House of the Year 2016 – Another Dungeness ‘Shack’ Shortlisted

//House of the Year 2016 – Another Dungeness ‘Shack’ Shortlisted

House of the Year 2016 – Another Dungeness ‘Shack’ Shortlisted

Dungeness new build house ‘North VAT’ has been shortlisted for the Channel Four ‘Grand Designs’ RIBA (Royal Institute of British Architects) ‘House of the Year 2016’. THURSDAYS 9pm to 10pm and repeated at other times!

The following is an article from the RIBA (apologies for not obtaining permission)

ARCHITECT: Rodic Davidson Architects CLIENT: private

AWARDS WON: riba SOUTH EAST award 2016

This house is the latest in a series of new homes at Dungeness. The trend for inhabiting the beach was set by Derek Jarman with his garden at Prospect Cottage, and since then architects have take inspiration from the open, often bleak, beach to design new occasional homes. This house, by Rodic Davidson Architects, is one of the best in the collection.

The architects had previously worked with the clients on the refurbishment of their London home. Here the brief was to create a single living environment, allowing for entertainment, enjoyment and art. This was to be a calm and simple space where everyday activities could co-exist and all aspects of the surrounding landscape could be observed. There was no question about replacing the existing fisherman’s cottage and the form was conceived as a ‘cluster’ of small shed-like structures, referential to the local vernacular of pitched roof huts scattered along the beach front. The plan form of the proposed cluster was derived from the locations of the existing cottage and sheds, minimally adjusted to provide a simple living layout whilst maintaining a low impact on the ground ecology and sustaining the sense of randomness that was found in the original buildings.
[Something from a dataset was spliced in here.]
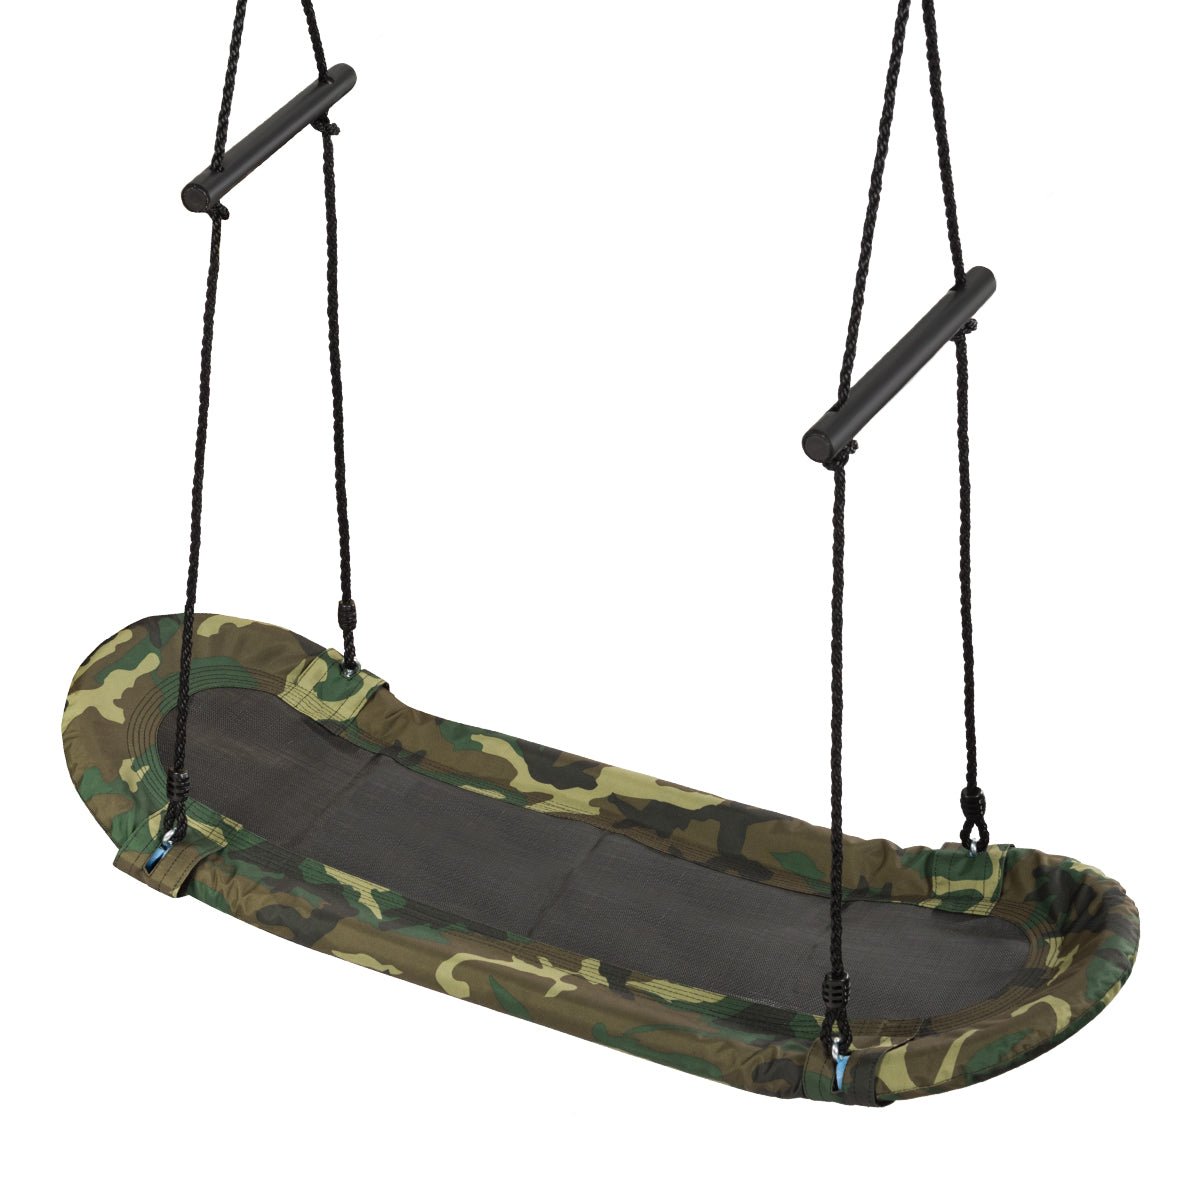 Adjustable Height Platform Swing: Soft Handles for Fun and Comfort

The resulting house alludes to these familiar influences and even mimics some recent nearby homes (some of which are award winners themselves), but does so in a manner which is arguably truer to the original precedent of dark stained beach hut or ‘net shop’. The jury was persuaded by the ambiguity of ‘one home’ versus ‘a cluster of sheds’ approach, and won over by the intimate relationship between designers and client which has resulted in a finely-judged balance of high architecture and comfortable beach living.

Despite the temptation to celebrate the panorama of the vast beach and seascape, views are framed judiciously like pictures at seating- and standing-height, providing a sequence of selected connections to the outside. Only in the circulation spaces between the ‘sheds’ is that connection seamless, with frameless glass taking one within millimetres’ distance of the frequently harsh external elements. As the architects suggest, ‘walking in and out of the rooms feels like walking in and out of the landscape’.

Each Dungeness black box has to be measured on its own merits, but this particular synthesis of client aspiration, site character, and thoughtful detailing left this year’s jury feeling very comfortable with its decision.



By |2018-11-02T05:00:20+00:00December 12th, 2016|Local Issues|0 Comments

About the Author:

Born in Ashford a long time ago I have had a lifelong relationship with Dungeness having spent every year here for a fortnights holiday up to the age of 15. In those good old days there was no electricity and hence no radio, no running water and no adequate sewage solutions. Nothing to do other than enjoy the vast expanse of the Ness and all it offered for the young children of that era. Out after breakfast and back before nightfall. There were lakes to swim in. Same lakes to boat on (well large logs). A derelict school in which to play.(Add pic on school roof) Gun emplacements, underground shelters. Sheer bliss. That all ended at 16 when I joined the RAF, finally purchasing a shack – as indeed it was then – in 1971 for the princely sum of £750.00. Only 15 years prior to that we could not afford the £250.00 asking price for what was then known as ‘Windwhistle’, the former Queen Victoria’s Pullman carriage. Still there today but concealed behind painted shiplap. Leaving the mob I travelled, retuning ‘home’ as oft I could, and realistically, only becoming a permanent fixture since 1977. In those days there was a vibrant community here with annual gatherings for the Mayday festival – spit roast and all and open days at the Lifeboat station – with bosuns chairs, zip wires to keep the kids happy. I think Health and Safety put paid to that and other activities, as did the moving away of many locals. The result of which , today there are probably less than 40 persons residing here permanently, in probably less than 20 out of the 80 shacks still here. (I have been told not to use the word ‘shacks’ as now at £3000,00.00 plus they are desirable bungalows in a well sought after locale. So ‘Shacks’ they are! End.